There is this misconception in data science that the more explanatory variables we have at our disposal, the better the model we can derive from them. 🙅‍♀️

This is only **partially true**.

The goal of a data scientist is not always to create a model that is an excellent predictor of reality. Regardless of their complexity, not all problems are similar to image classification. 

It is often a matter of **extracting relevant information** that can be understood by non-specialists, such as in sociology, economics and many other fields. 👌

As always in data science, the important thing is to produce results that are useful in a given context. 🚀 Other times, we come up against technical constraints, because the equipment at our disposal is not very efficient, or because we want to better understand data with which we are not very familiar.

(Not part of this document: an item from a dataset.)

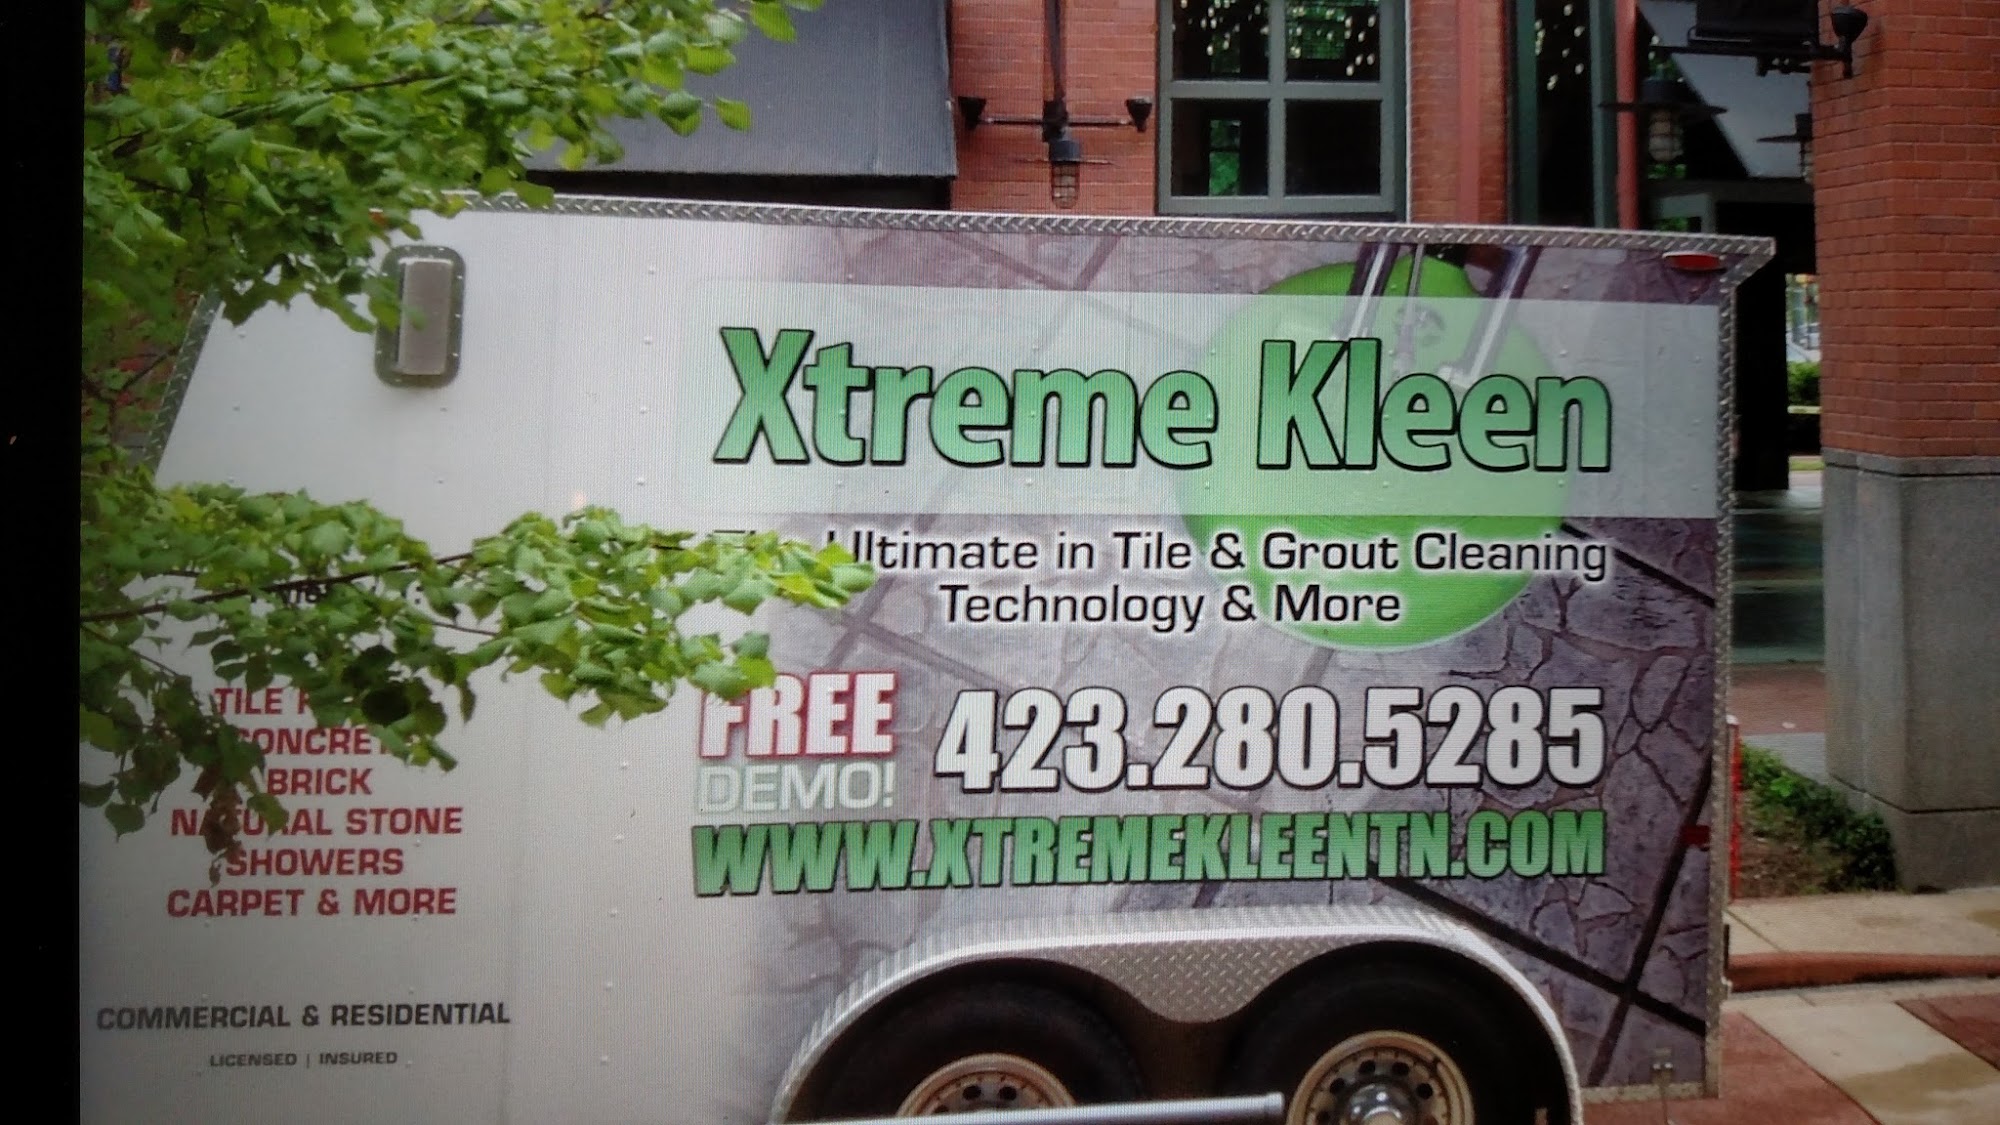 Xtreme Kleen

In fact, it is essential to use techniques that allow you to summarize information in a relevant and simple way. These different techniques can be categorized as size reduction, starting with a large number of variables that form a large space and then moving to a smaller space.

### Visualisation 

One use case of dimensionality reduction is to easily visualize data. If you take a 4-D dataset, you won't be able to draw a graph representing that data.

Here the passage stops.